One nation, two weeks, eight American heroes, though technically there is no such thing as Bravo squad. They are Bravo Company, second platoon, first squad, said squad being comprised of teams alpha and bravo, but the Fox embed christened them Bravo squad and thus they were presented to the world. Now, here at the tour’s end, feeling soft, sated, bleary, under-rested and overproduced, Billy grows sad and nostalgic for the beginning. They were hustled onto a C-130 in the middle of night and took off from Baghdad in a hard spiraling scrooge. Shroom was with them, in a flag-draped coffin at the back. For the entire flight to Ramstein a couple of the Bravos were always sitting with him, but it’s the others who Billy thinks of now, the twenty or so civilians of various shades and accents who joined them for the ride. Not spooks—they were too plump for that, their smiles too heedless of the woes of the world, and as soon as the plane was airborne those guys were partying hard. Good whiskey, music blasting from a dozen boom boxes, a forest of Cuban cigars set ablaze—the fuselage quickly filled with a witches’ brew of smoke. It turned out that they were gourmet chefs. For who? The men just smiled. The coalition. They were French, Romanian, Swedish, German, Iranian, Greek, Spanish, Billy could discern no pattern or meaning in their nationalities, but to a man they were friendly and more than generous, eager to share their booze and smokes with soldiers. Evidently they’d made a lot of money in Iraq. One of the Swedes opened his calfskin attaché case and showed Billy the gold stash he’d acquired in Baghdad, several pounds’ worth of chains and ropes and coins, of such purity that they glowed more orange than gold. There amid the cigar smoke and rollicking laughs Billy had lifted one of the chains, testing it for heft. He was nineteen years old and had no idea that his war contained such things, and what a damn shame for him and the rest of Bravo that it has not been won in the two weeks since.

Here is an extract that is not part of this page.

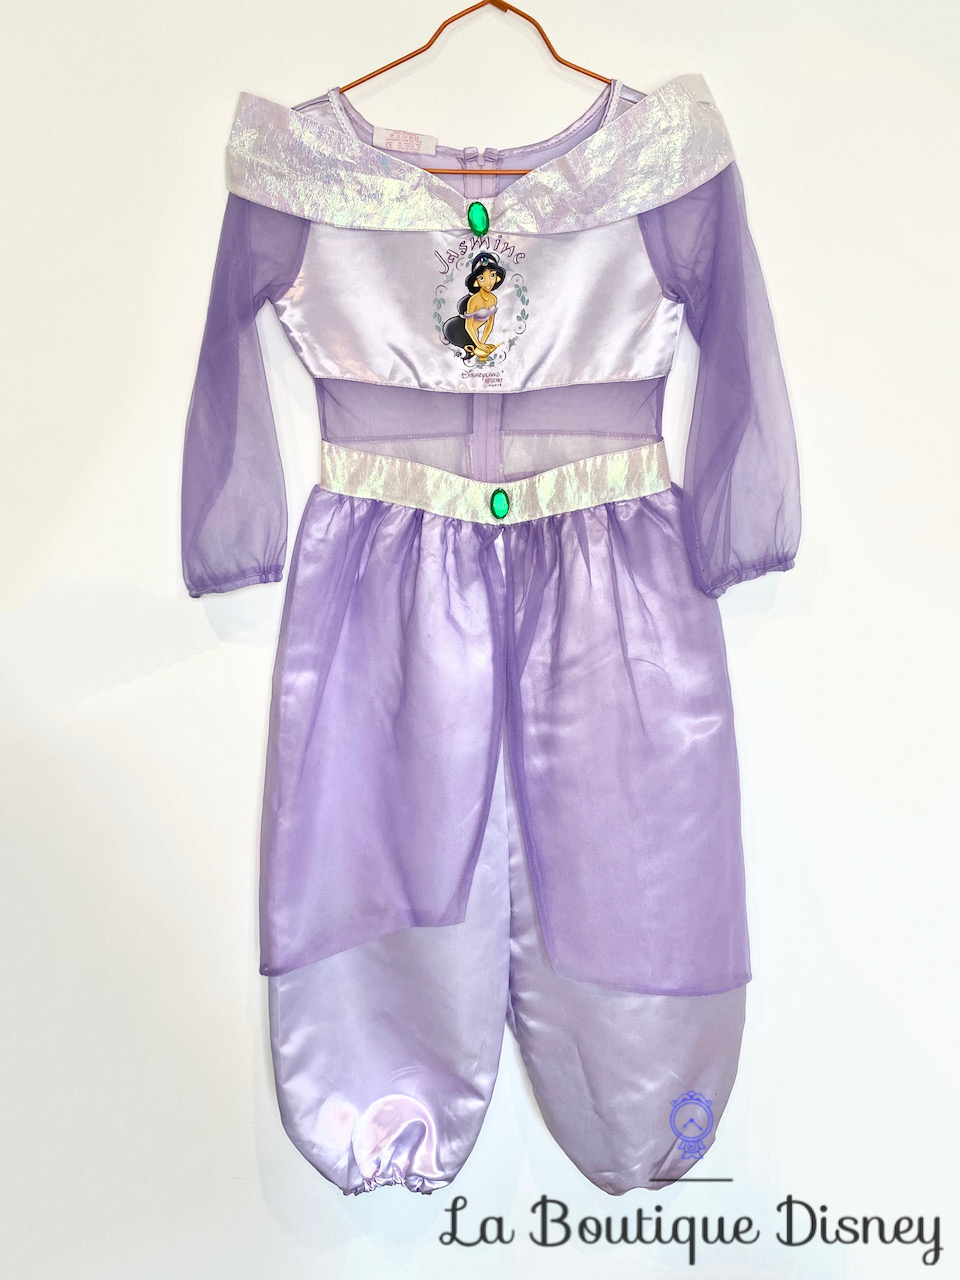 Déguisement Jasmine Disneyland Paris Disney taille 8 ans Aladdin combinaison princesse mauve violet

Yes, Albert is saying into his cell, which he bought special in Japan, which is two years ahead of everyone else in the race for cell phone superiority. Tell her that, you can tell her this picture will maul. But it will also reward. He’s silent for a moment. Carl, what can I say? It’s a war picture—not everybody gets out alive. Meanwhile Crack is reading aloud from the sports pages of the Dallas Morning News, reciting the odds from America’s Line so Holliday and A-bort can get their bets down. There are more than two hundred ways to bet on the game, including whether the coin toss will be heads or tails, which song Destiny’s Child will open with at halftime, and which quarter will the network broadcast make its first reference to President Bush.

Crack speaks as if reading from a recipe. Drew Henson’s first pass of the game will be, complete, minus two hundred; incomplete, plus a hundred and fifty; an interception, plus a thousand.

Incomplete, says Holliday, making a note in his little book.

Incomplete, A-bort agrees, marking his little book.

How about quarter where Beyoncé sits on my face, Sykes says.

Fucking never, Holliday says, not missing a beat.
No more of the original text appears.